_DIRECTIONS_
Output every line below exactly, please, omitting pictures.

_RECORDED DATA_
________________________
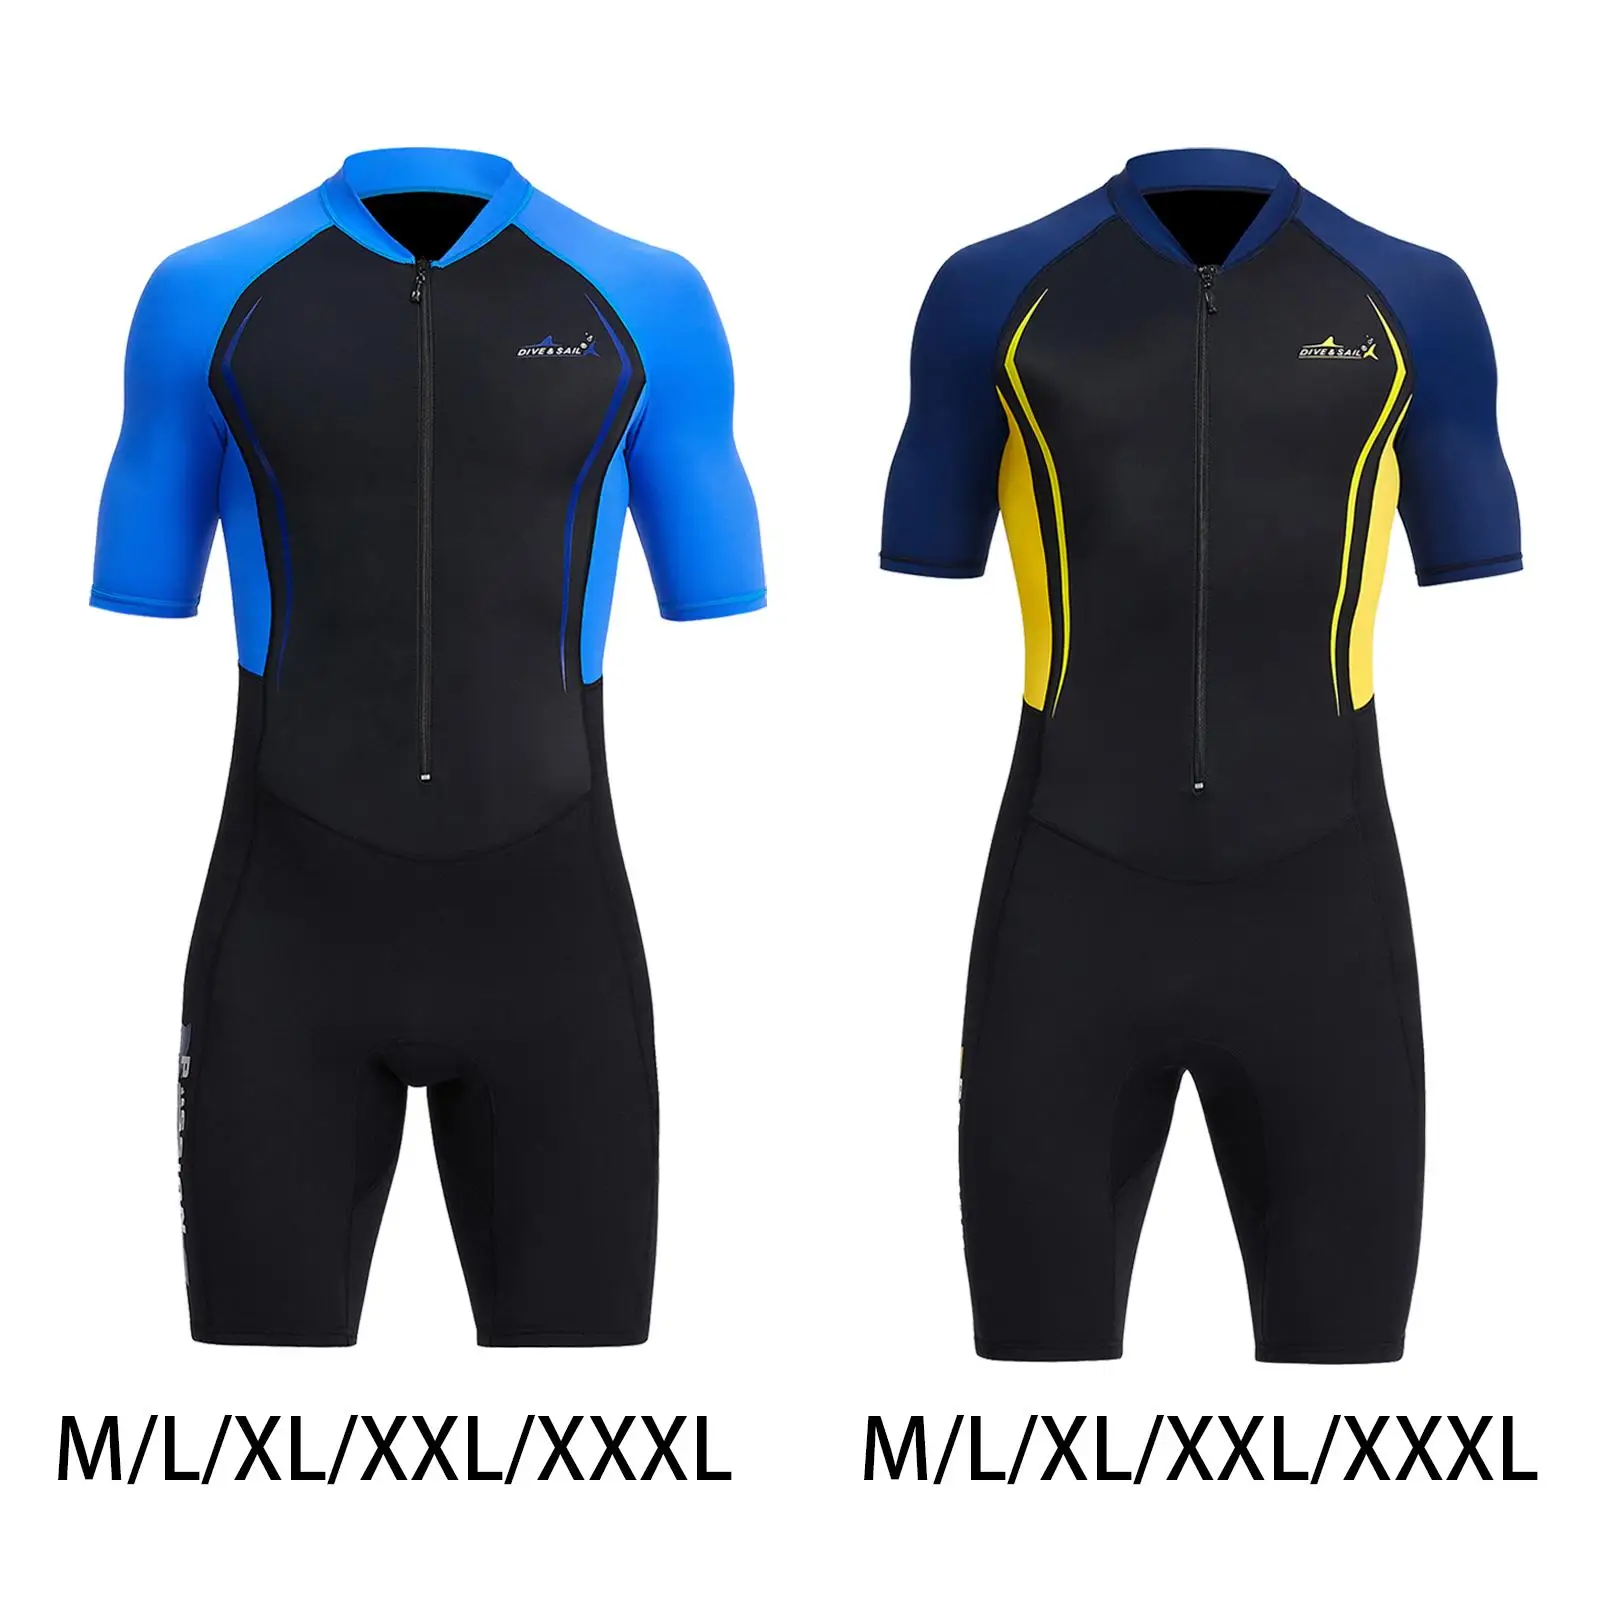 Mens Shorty Wetsuit One Piece Front Zip 1.5mm Sunproof Diving Suit for Swimming
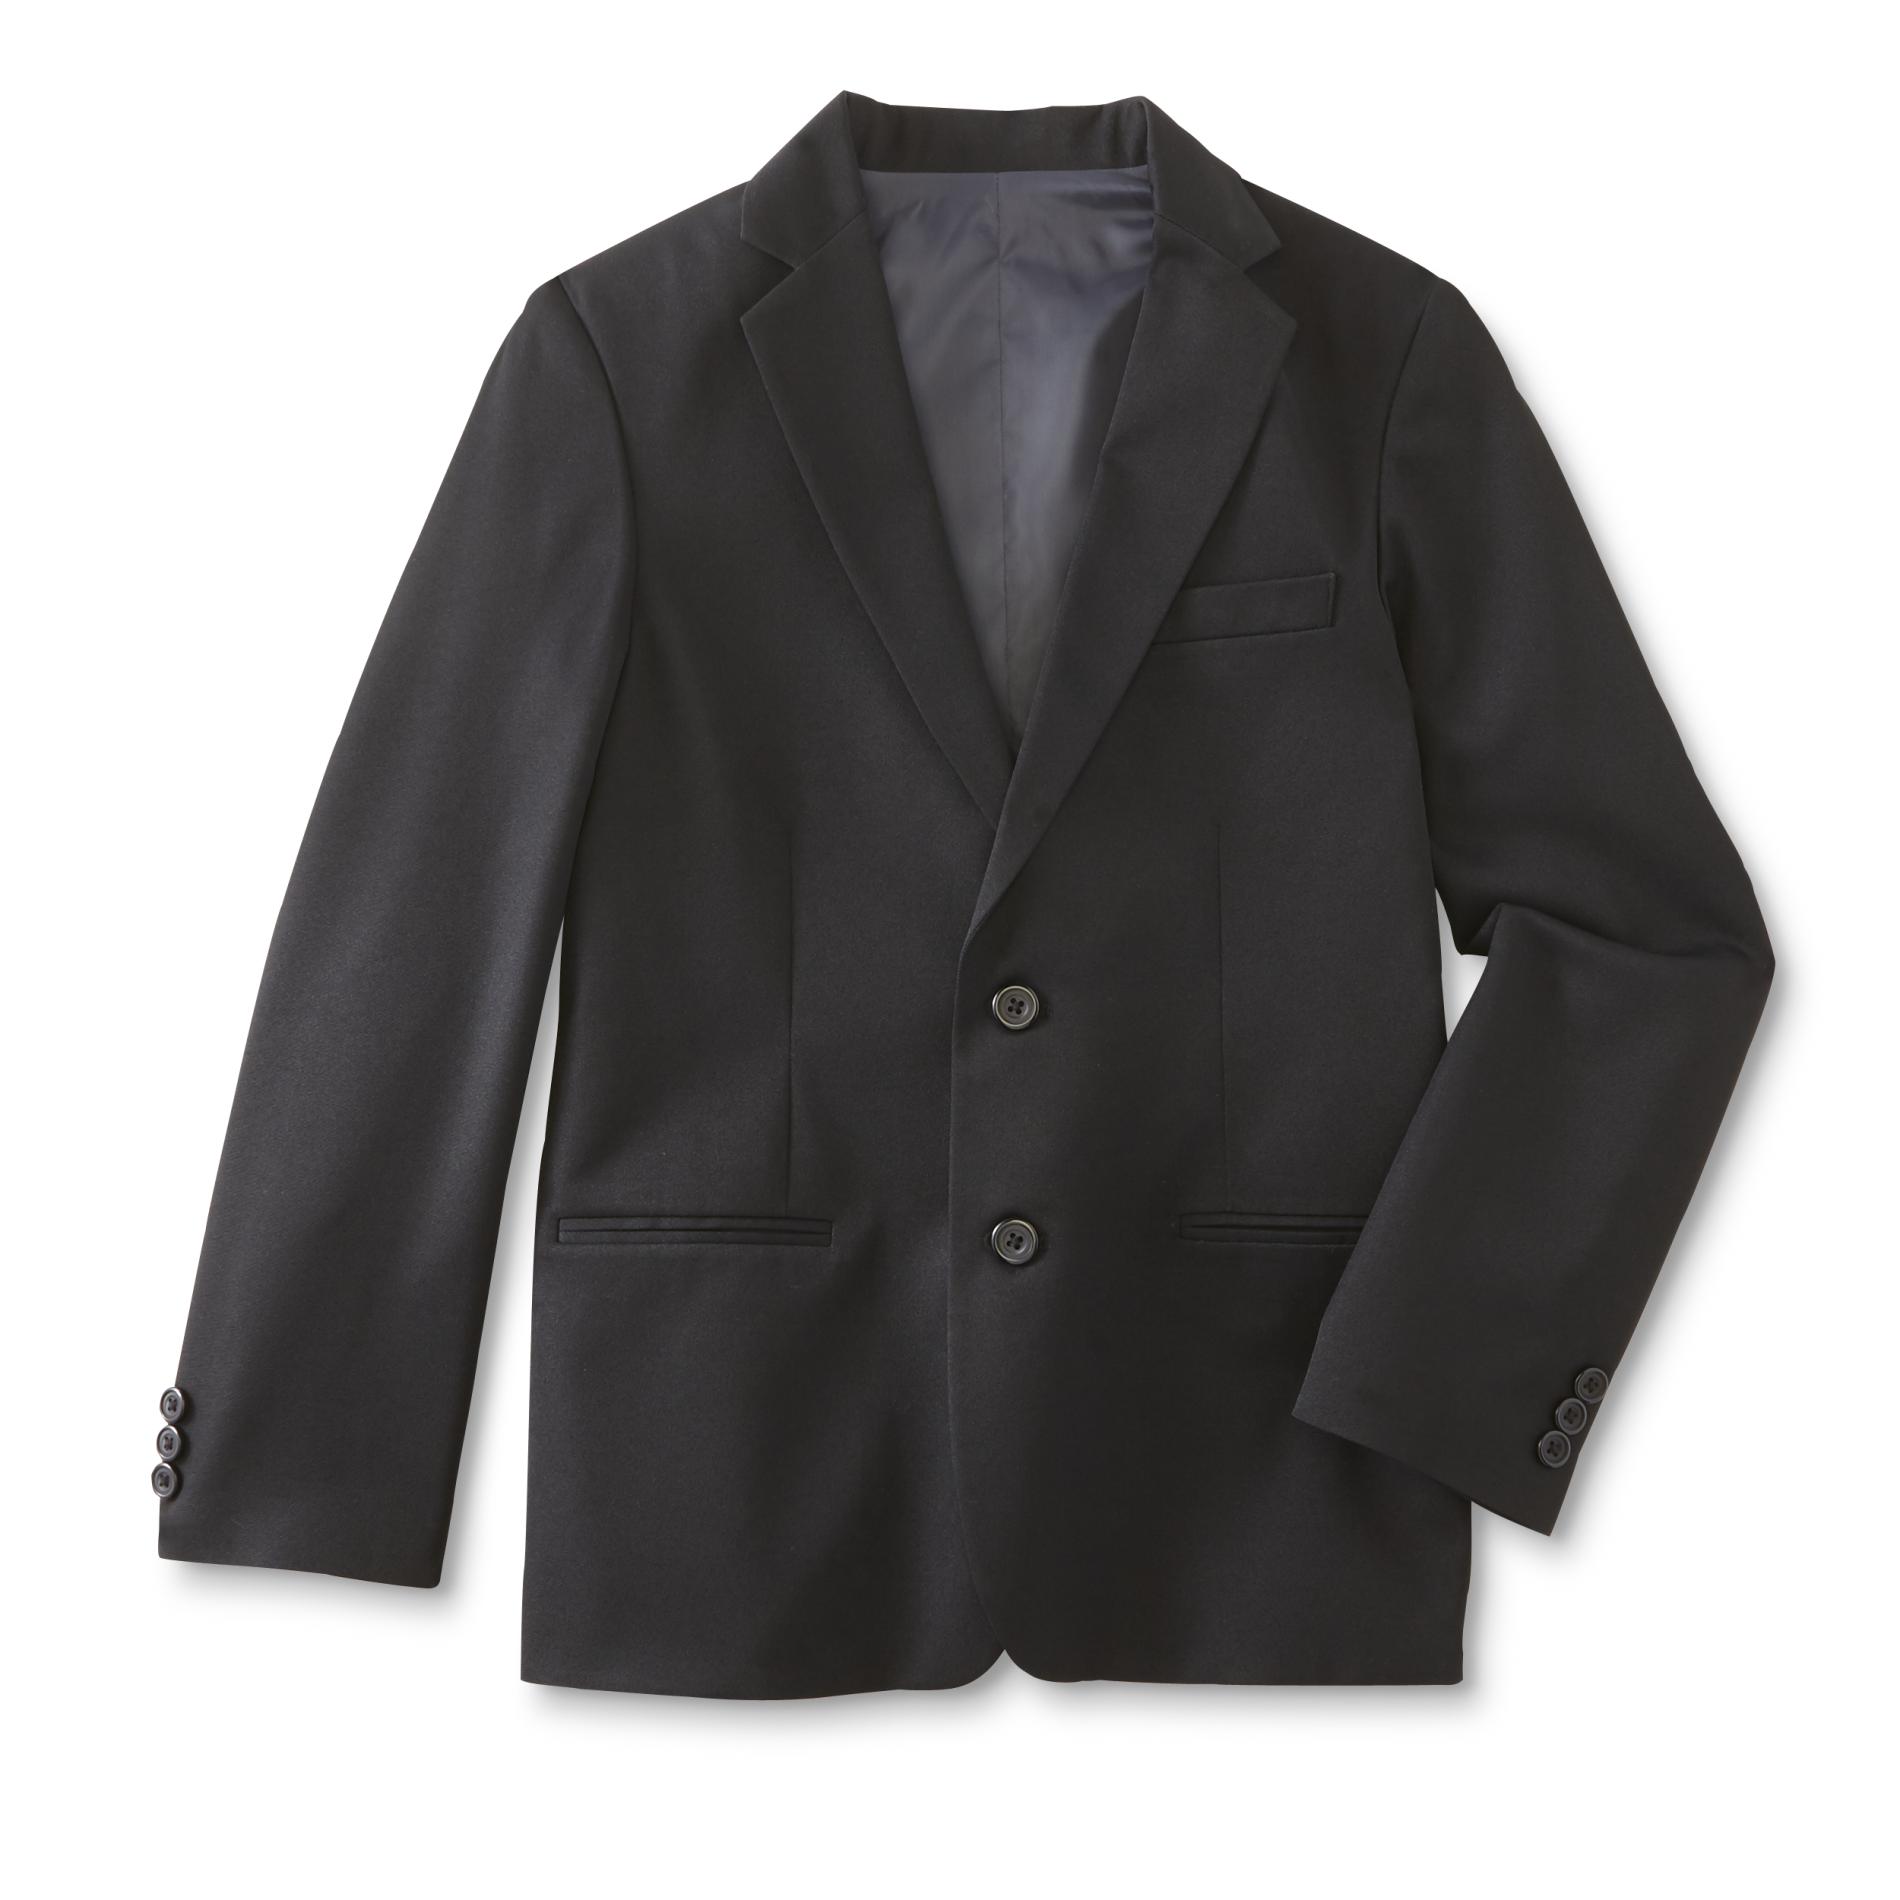 Holiday Editions Boys' Suit Jacket
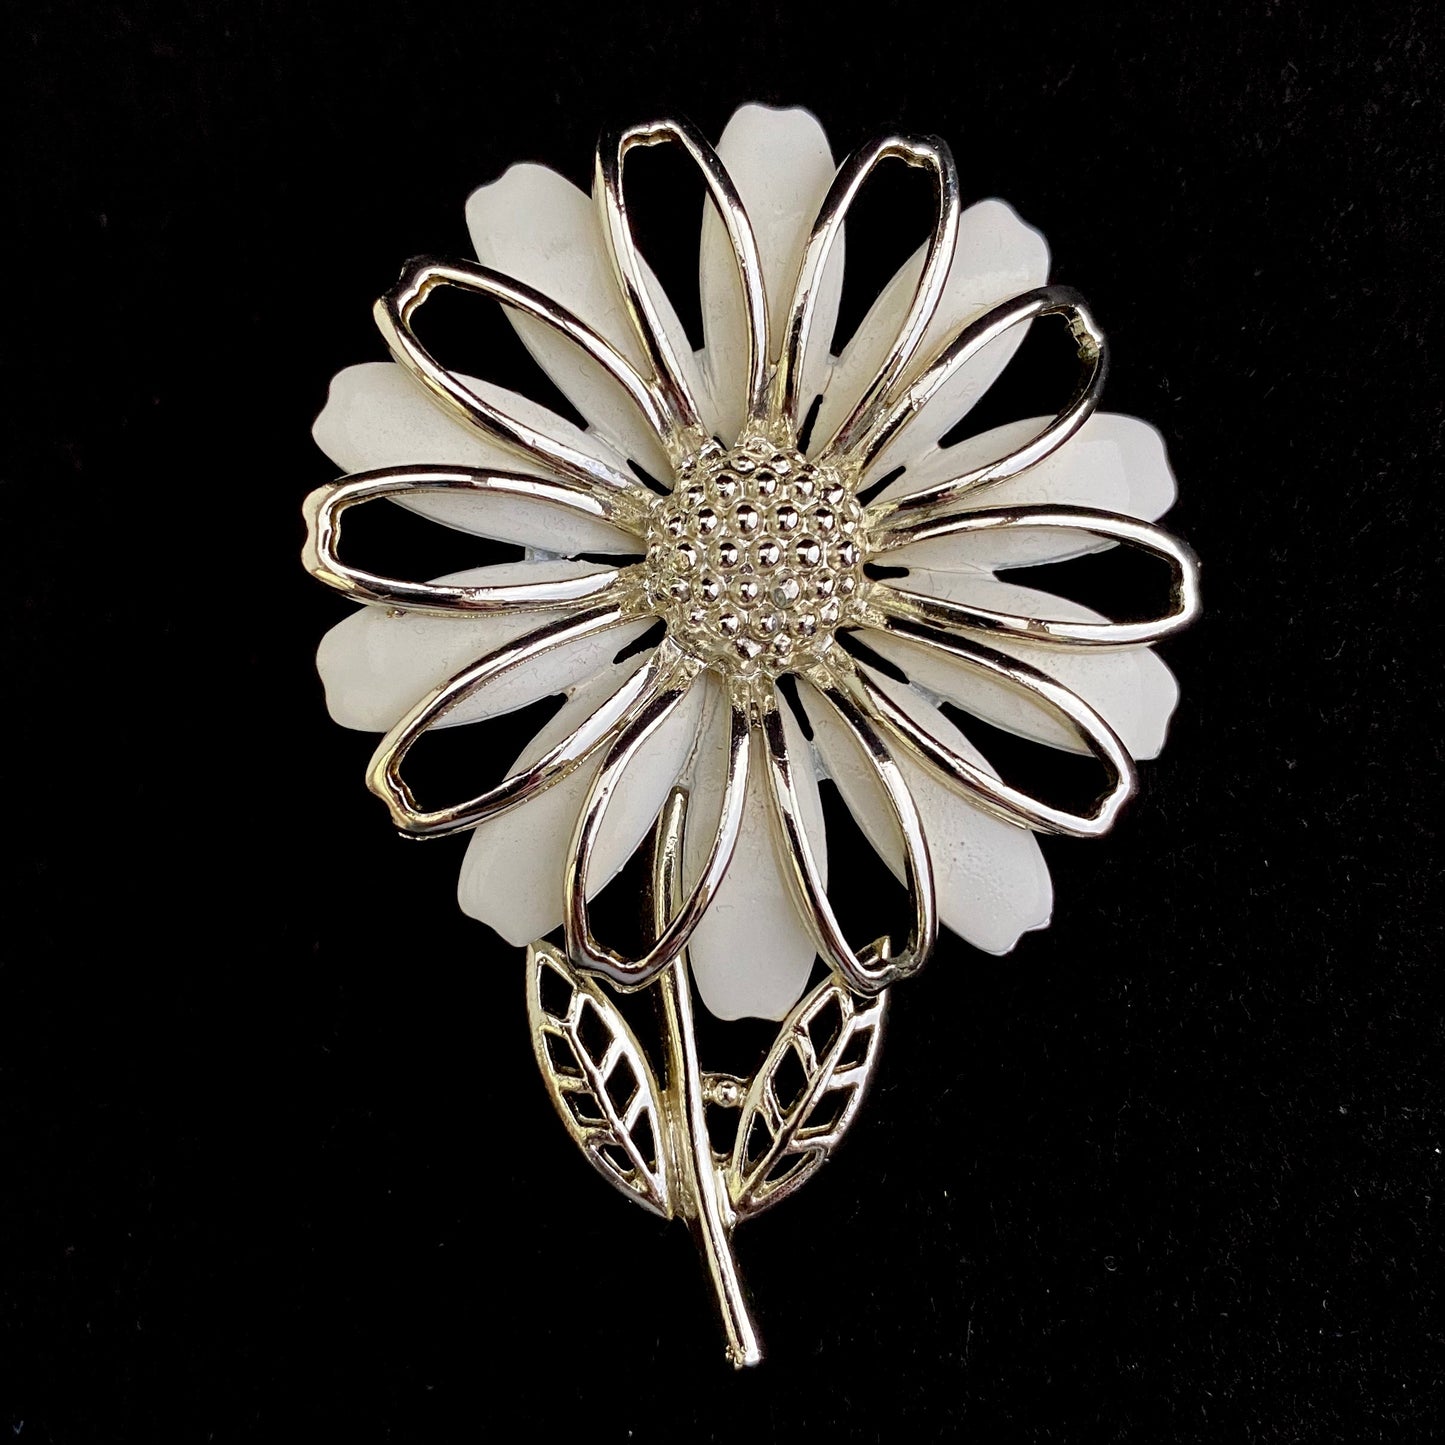 Late 60s / Early 70s Coro Flower Brooch - Retro Kandy Vintage
________________________
_FINISHED EXERCISE_
 Mens Shorty Wetsuit One Piece Front Zip 1.5mm Sunproof Diving Suit for Swimming
 Holiday Editions Boys' Suit Jacket
 Late 60s / Early 70s Coro Flower Brooch - Retro Kandy Vintage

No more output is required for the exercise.